Killing Grassland Birds
Bird populations are in trouble worldwide, research shows, and the hardest hit are the grassland birds. We’re killing them by mowing their habitat, or converting it to agriculture and drenching it in pesticides. An article in the current Knowable Magazine reviews decades of studies on bird populations, showing that “a shocking number of birds are in trouble.” Apart from wetlands, where birds are increasing, every habitat is a graveyard for bird species. None is more deadly than grassland, where three quarters of the bird species ate headed toward extinction.
Of the 90 acres in our park, almost all of it is grassland. The forested oasis of the Native Plant Area covers a bit over 3 acres. The paved pathways eat up a fraction more. Then the 17 acres of the Off Leash Area are kept mowed for the convenience of dog owners, removing this grassland area from usefulness as bird habitat. Some additional acreage for kite flying and picnicking — maybe six acres — also needs to be mowed. That leaves, as a rough guess, 60 acres of grassland that can serve as grassland bird habitat, if we let it.

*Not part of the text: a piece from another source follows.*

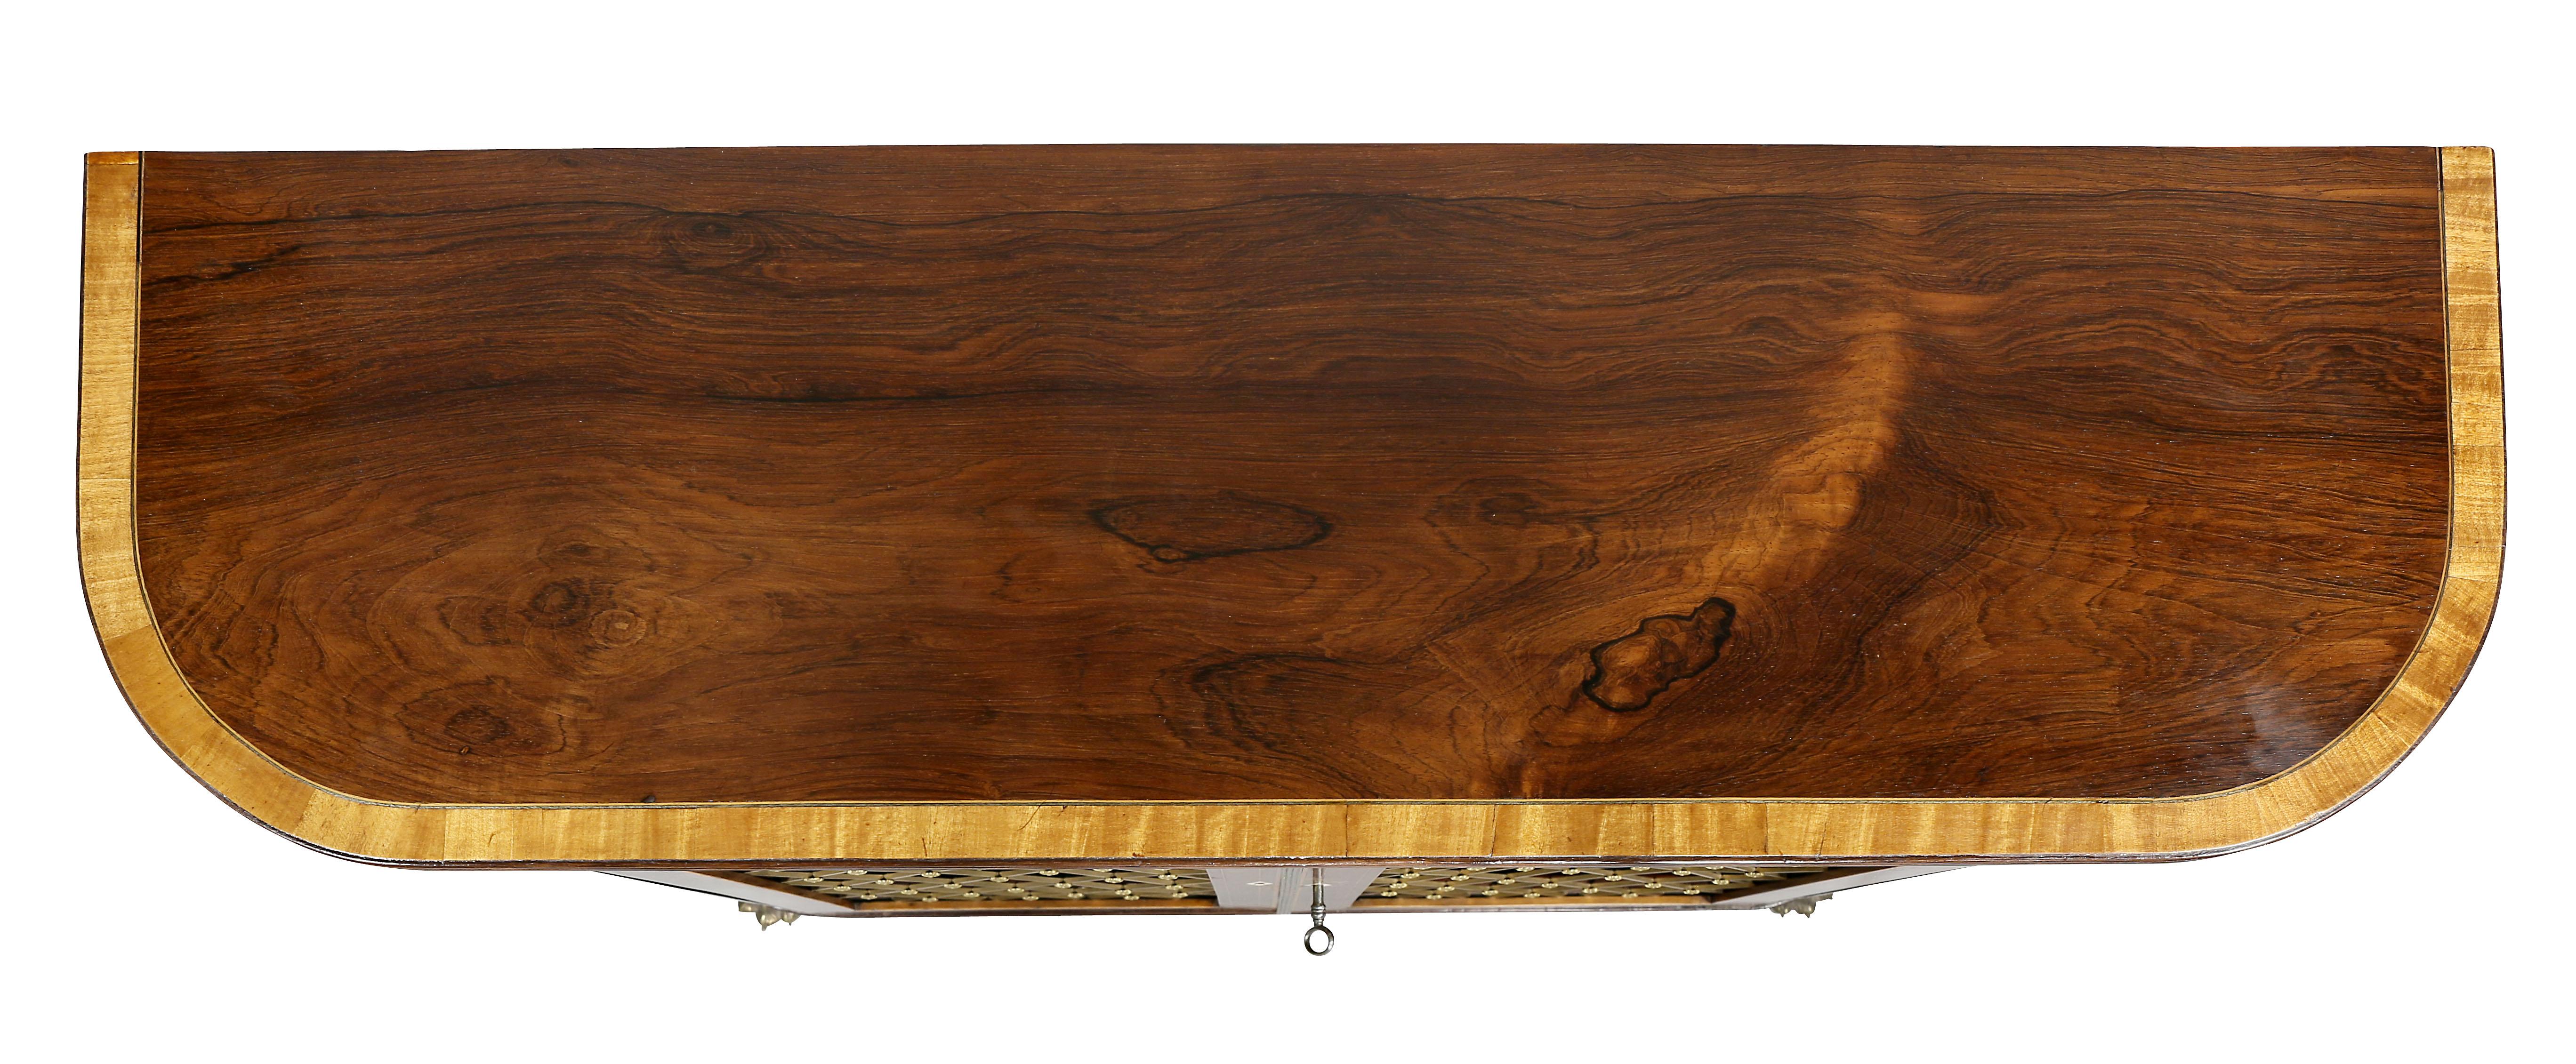 English Regency Rosewood and Inlaid Credenza

Grassland birds are ground nesters. In the park, the key ground nesting species are the Savannah Sparrow, the Song Sparrow, and the Western Meadowlark. They build their nests on the ground surrounded by grasses or other vegetation at least a foot high. They may fabricate roofs of grass over the nest and build access tunnels, sometimes several feet long, to disguise the nest’s location. Breeding, nesting, brooding, and feeding hatchlings typically keep the birds busy from March through June or July, depending on the species. In the park, grassland breeders favor the broad meadow on the east side stretching from Spinnaker Way on the south end up to the Flare Station on the north end. They seem to like the gentle slope of this meadow, the abundance and mix of its greenery, and its modest shelter from the prevailing westerly wind. Research by the Cornell Lab of Ornithology urges that protecting open coastal grasslands is the highest priority because Savannah Sparrows are most successful at reproduction in these habitats. “Grassland management, particularly mowing regimes, is critical” for maintaining populations.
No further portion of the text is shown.